Вечером я стою один у своего перископа с винтовкой на плече и смотрю через ничью землю; я проникаюсь убежденностью, что на той стороне стоит немецкий мальчик моих лет и смотрит на меня. Он устал и напуган; он каждый вечер молится, чтобы мы вдруг не полезли из своего окопа через бруствер, потому что, увидев нас, он обязан будет подать сигнал своим товарищам, и тут начнется долгое и грязное дело — стычка двух армий.
Про Уилла никто не говорит, а я боюсь спрашивать. Большинство людей, прибывших в полк одновременно с нами, уже мертвы или, как Хоббс, отправлены в полевой госпиталь, так что моим нынешним однополчанам нет резонов думать об Уилле. Я терзаюсь одиночеством. Я уже очень давно не видел Уилла. Он старательно избегал меня с тех самых пор, как я отказался подать рапорт на Милтона сержанту Клейтону. Потом я заболел, и все.
Когда сержант Клейтон отбирает людей для рекогносцировки в сторону немецких окопов в глухой ночной час, из шестидесяти ушедших возвращаются только восемнадцать — катастрофа по любым меркам. Среди погибших — капрал Моуди, получивший пулю в глаз.
В тот же вечер, чуть позже, я натыкаюсь на капрала Уэллса — он сидит один с кружкой чаю, склонив голову над столом. Меня охватывает неожиданное сочувствие. Я не знаю, уместно ли мне будет присоединиться к нему, — мы никогда не были особенными друзьями, — но мне тоже одиноко и до зарезу нужно с кем-нибудь поговорить, так что я закусываю удила, тоже наливаю себе чаю и останавливаюсь перед капралом.
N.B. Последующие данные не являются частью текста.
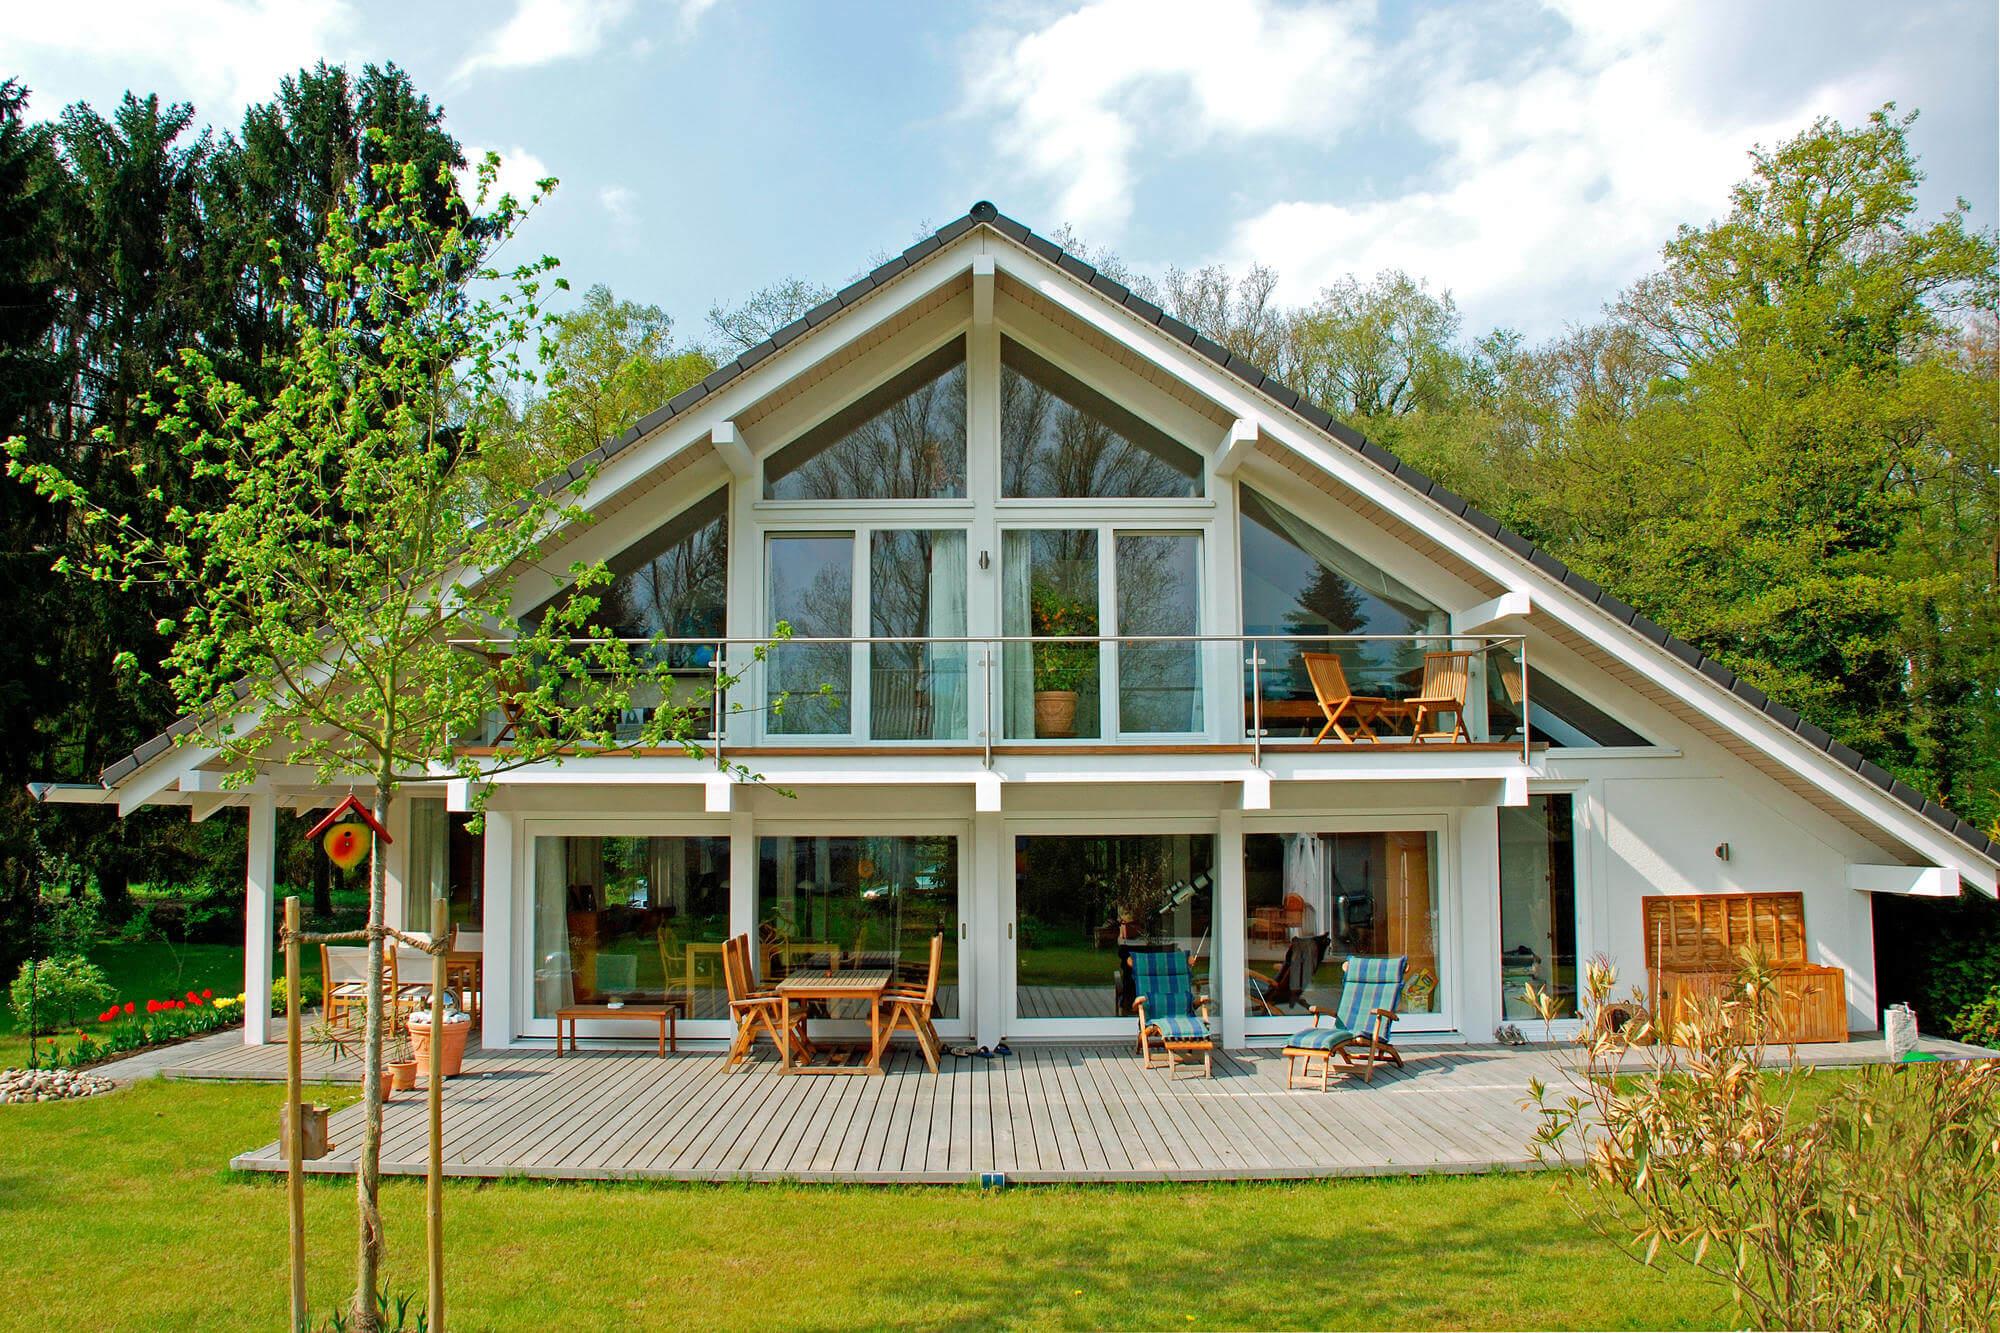 Fachwerk Fertighaus modern Holzskeletthaus - KD Haus

— Добрый вечер, сэр, — осторожно здороваюсь я.
Он не сразу поднимает голову, а когда смотрит на меня, я замечаю у него под глазами темные мешки. Интересно, сколько времени он не спал.
— Сэдлер, — говорит он. — Не на посту, да?
— Да, сэр, — говорю я, кивая на скамью напротив: — Можно я тут сяду? Или вы хотите побыть один?
Он смотрит на пустую скамью, словно не зная, каковы правила этикета на этот счет, но в конце концов пожимает плечами и жестом показывает, что я могу сесть.
— Мне было очень жаль услышать про капрала Моуди, — говорю я, выдержав для приличия паузу. — Он был достойным человеком. Всегда обращался со мной по справедливости.
— Я вот решил, что надо бы написать его жене. — Он указывает на лежащие перед ним перо и бумагу.
— Я даже не знал, что он женат.
— Разумеется, откуда вам. Но да, у него остались жена и три дочери.
— А разве не сержант Клейтон должен написать его жене, сэр? — спрашиваю я, потому что заведенный порядок именно таков.
— Да, наверное. Только я знал Мартина лучше, чем кто-либо другой. Думаю, будет лучше, если я тоже напишу.
— Конечно. — Я поднимаю кружку, но у меня вдруг слабеет рука, и чай разливается по столу.
— Ради бога, Сэдлер, — восклицает капрал и быстро убирает бумагу, пока она не намокла. — Что вы все время так дергаетесь? Это действует на нервы. Как вы себя чувствуете, кстати? Лучше?
— Да, вполне хорошо, спасибо, — отвечаю я, вытирая стол рукавом.
— Мы уже было попрощались с вами. Только этого не хватало — еще одного человека потерять. От вашей смены в Олдершоте ведь мало кто остался?